Beim Sportwagenbauer Porsche steht ein umfassendes „Zukunftspaket“ im Fokus, das tiefgreifende Einschnitte vorsieht. Nachdem bereits im vergangenen Jahr ein Stellenabbau eingeleitet wurde, plant das Unternehmen nun den Wegfall von weiteren rund 5.000 Arbeitsplätzen. Insgesamt müssen damit etwa 8.900 Beschäftigte das Unternehmen verlassen. Die Umsetzung soll laut Unternehmensangaben sozialverträglich über Instrumente wie Altersteilzeit, Aufhebungsverträge und natürliche Fluktuation erfolgen.

Neben dem Personalabbau umfasst das Maßnahmenpaket weitreichende Anpassungen bei der Vergütung. So sollen Tariferhöhungen bis zum Jahr 2035 teilweise einbehalten werden, das Weihnachtsgeld wird reduziert und der Mitarbeiterbonus stärker an den Erfolg des Unternehmens gekoppelt. Auch das Management leistet einen Beitrag: Für die Jahre 2027 und 2028 ist ein Verzicht auf Erhöhungen der Grundvergütung vorgesehen. Zudem wird die Flexibilität beim Homeoffice eingeschränkt; die Präsenzpflicht wird erhöht, indem die erlaubten Tage pro Monat von zwölf auf acht reduziert werden.

Im Gegenzug sicherte das Unternehmen den Erhalt der Standorte bis 2035 zu und schließt betriebsbedingte Kündigungen für diesen Zeitraum aus. Zudem sind Investitionen in Höhe von 2,1 Milliarden Euro für das Stammwerk in Zuffenhausen sowie das Entwicklungszentrum in Weissach geplant.

Audi kämpft mit sinkender Rendite

Auch bei Audi ist der Druck zur Effizienzsteigerung deutlich gestiegen.
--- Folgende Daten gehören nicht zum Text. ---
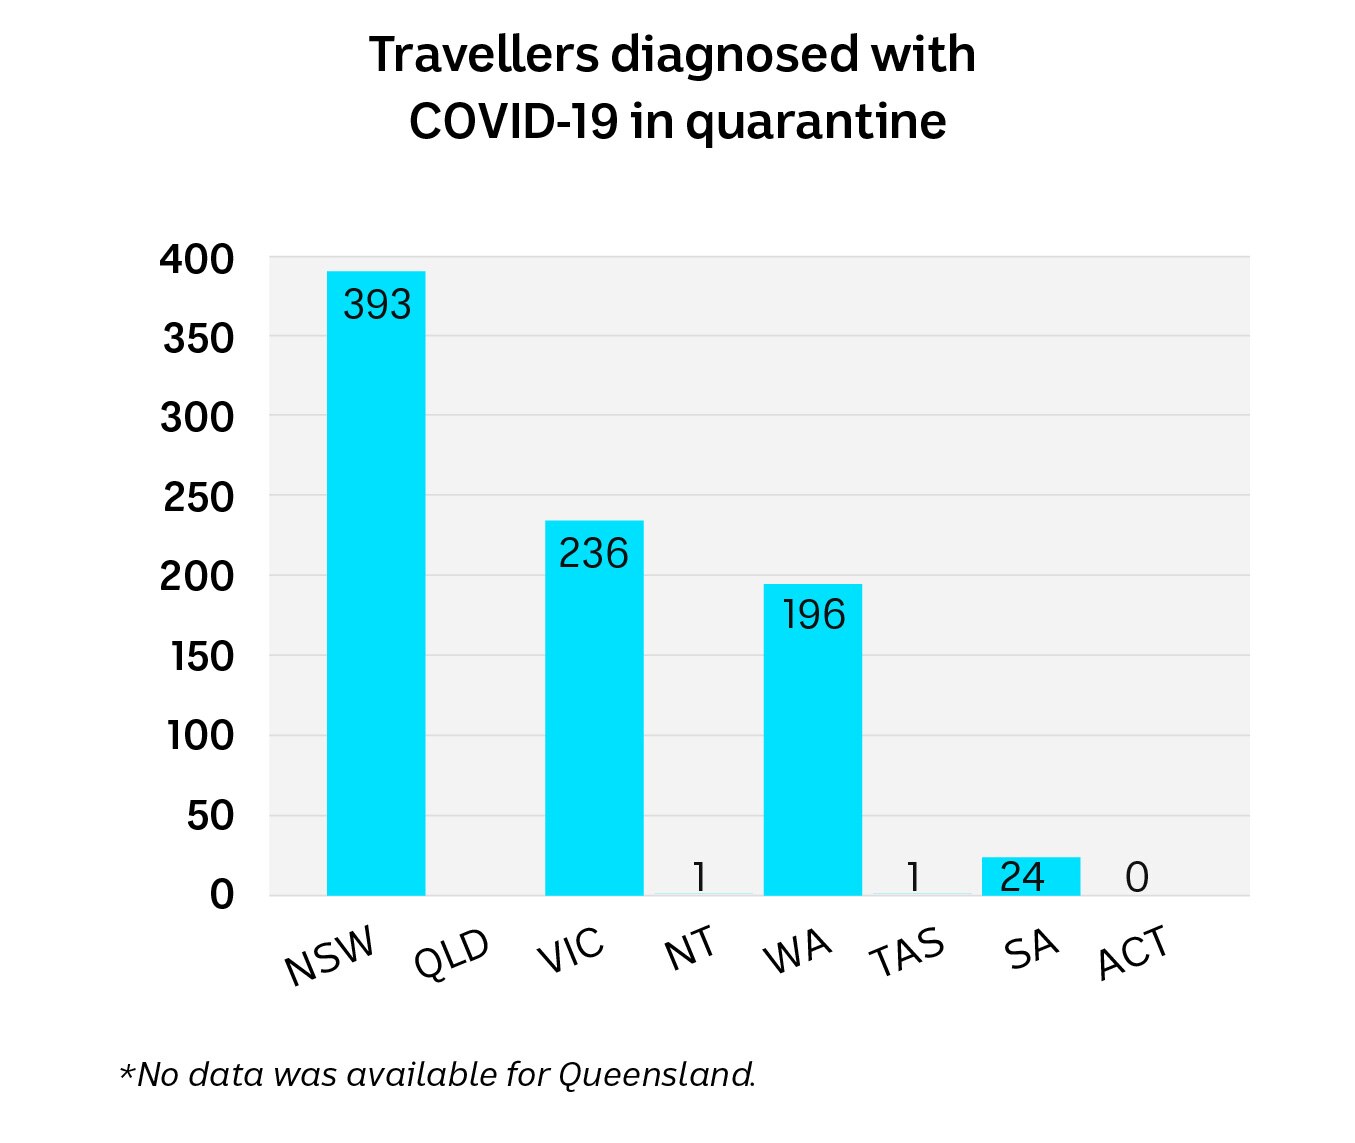 A graph showing, from most to least, how many people have been diagnosed with covid-19 in quarantine in each state

Finanzchef Jürgen Rittersberger betonte bei der Vorstellung der Halbjahreszahlen, dass die bisherigen Sparbemühungen nicht ausreichen, um in einem schwierigen Marktumfeld wettbewerbsfähig zu bleiben. Die Ingolstädter korrigierten ihre Prognose für das laufende Geschäftsjahr nach unten: Die erwarteten Erlöse wurden um fünf Milliarden Euro auf 58 bis 63 Milliarden Euro gesenkt. Auch die Renditeerwartung liegt mit fünf bis sieben Prozent nun einen Prozentpunkt niedriger als zuvor, wobei das Unternehmen im ersten Halbjahr mit 3,8 Prozent noch deutlich unter diesem Ziel blieb.

Der Gewinn im zweiten Quartal sank um 21 Prozent auf 563 Millionen Euro. Als wesentliche Ursache für die schwache Performance nennt Audi das schwierige Marktumfeld in China sowie geopolitische Spannungen im Nahen Osten. Besonders das Chinageschäft, das maßgeblich zum Finanzergebnis beiträgt, verzeichnete einen deutlichen Ergebnisrückgang.

Kapazitätsanpassungen an den Standorten

Die Zukunft der Audi-Werke, insbesondere in Neckarsulm, bleibt ein zentrales Thema. Um die Wettbewerbsfähigkeit zu sichern, werden die Kapazitäten kontinuierlich an die Marktlage angepasst. In Neckarsulm wurde bereits die Streichung der Nachtschicht beschlossen. Dennoch betont das Management, dass keine Werksschließungen geplant seien. Konzernchef Oliver Blume unterstrich, dass Schließungen stets das letzte Mittel darstellten und man stattdessen auf intelligentere Lösungen setze, um die Effizienz an beiden deutschen Standorten zu steigern.

Hintergrund und Ausblick

Die Automobilindustrie befindet sich derzeit in einer der tiefsten Krisen ihrer Geschichte. Die VW-Konzernmutter kämpft mit schwachen Verkaufszahlen, insbesondere auf dem wichtigen chinesischen Markt, und einem hohen Preisdruck. Konzernweit besteht laut Blume ein Überkapazitätsbedarf von etwa 500.000 Fahrzeugen in Europa, was den Druck auf die Tochtergesellschaften erhöht, ihre Kostenstrukturen zu optimieren und Entscheidungsprozesse zu beschleunigen.

Während Porsche mit dem neuen Zukunftspaket den Fokus auf eine langfristige Absicherung der Arbeitsplätze bis 2035 legt, setzt Audi auf eine Kombination aus laufendem Stellenabbau und einer strikten Kostenkontrolle, um die anhaltende Schwächephase zu überwinden. Die kommenden Jahre werden zeigen, inwieweit diese Maßnahmen ausreichen, um die Profitabilität der Unternehmen wieder auf das angestrebte Niveau zu heben.